You should use _mm256_extractf128_ps instead of _mm256_extractf128_si256. It takes __m256 as first argument instead of __m256i.

There is also the possibility to use _mm_extract_ps to extract a float instead of storing it with _mm_store_ss..

 

Best regards

Thomas

bronxzv
New Contributor II
299 Views

lex wrote:

But the correct result of "Product Result" should be (Product Result  : 2000000.000000) as vectors to initialize the value of "2" (I am attaching the result when I run my algorithm without vectoring)

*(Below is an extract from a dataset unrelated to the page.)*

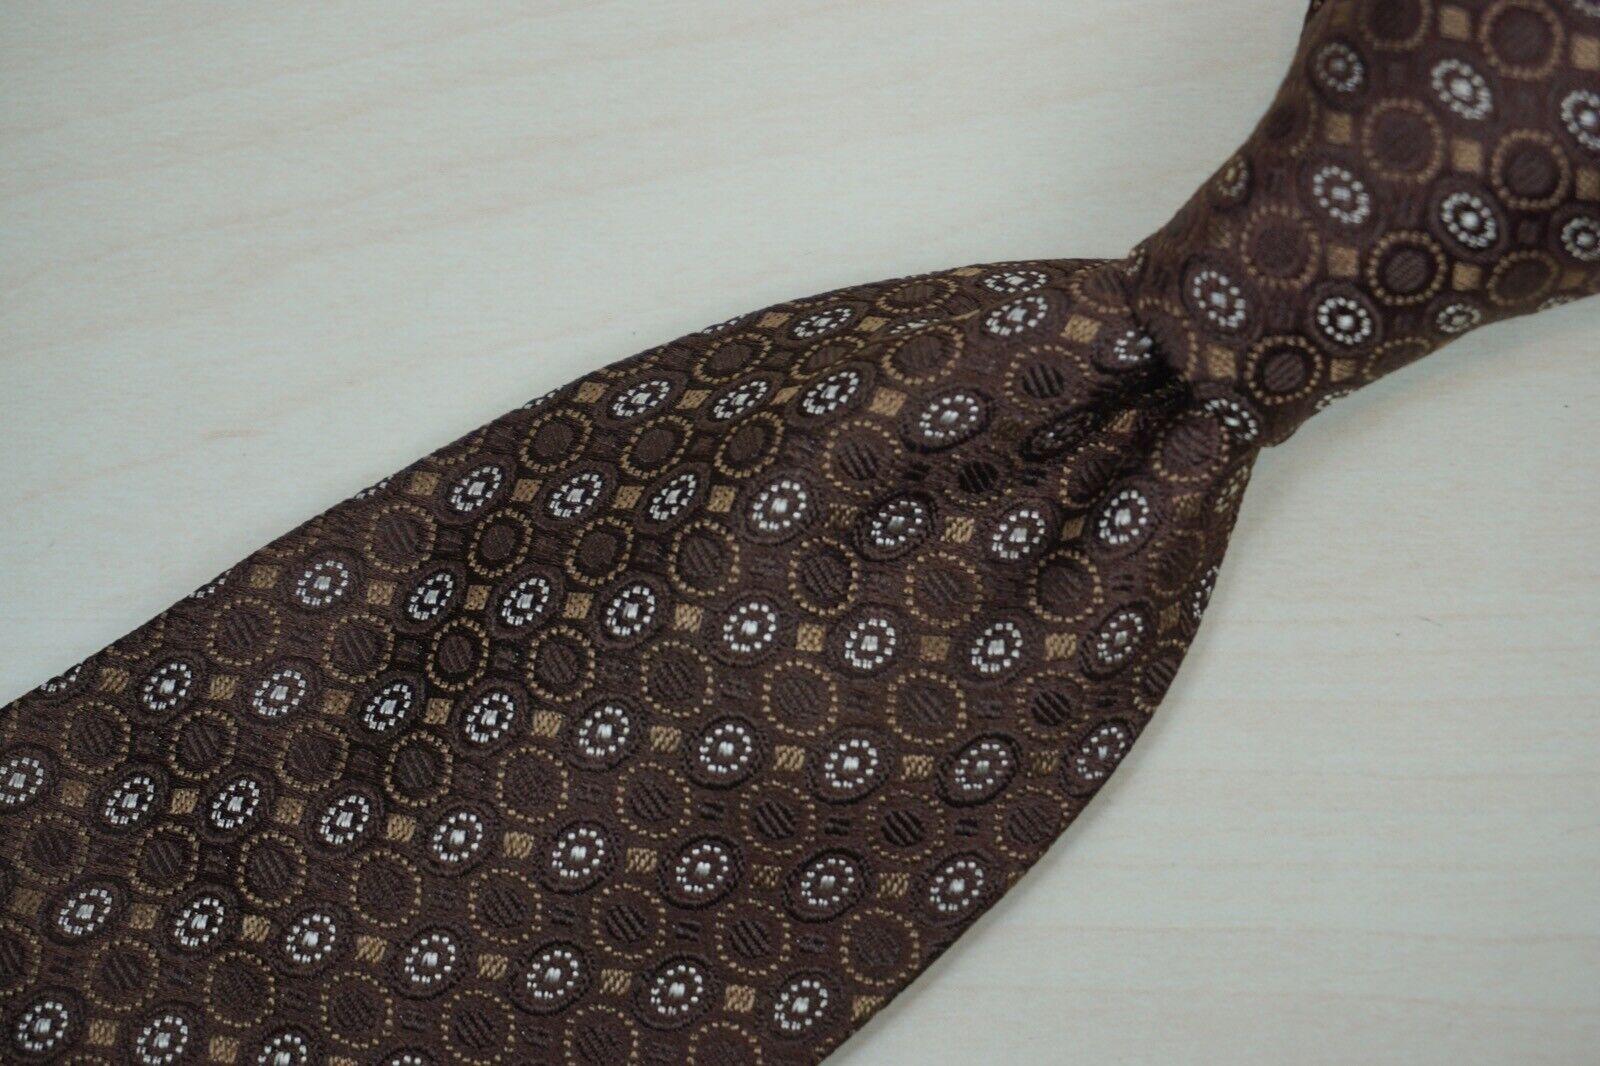 A. Sulka & Firma Brown Gewebt Geometrisch Seide Vintage Krawatte

it looks like there is a missing horizontal add in your code

emmanuel_attia
Beginner
299 Views

Thomas Willhalm (Intel) wrote:

You should use _mm256_extractf128_ps instead of _mm256_extractf128_si256. It takes __m256 as first argument instead of __m256i.

There is also the possibility to use _mm_extract_ps to extract a float instead of storing it with _mm_store_ss..

 

Best regards

Thomas

Yes, sorry about my too quick answer.

As for extract_ps vs store_ss there is no much difference with a good compiler (like Intel C++), but sometime extract is indeed more handy (doesn't force to put a float variable on the stack when you only need it as a return value for instance).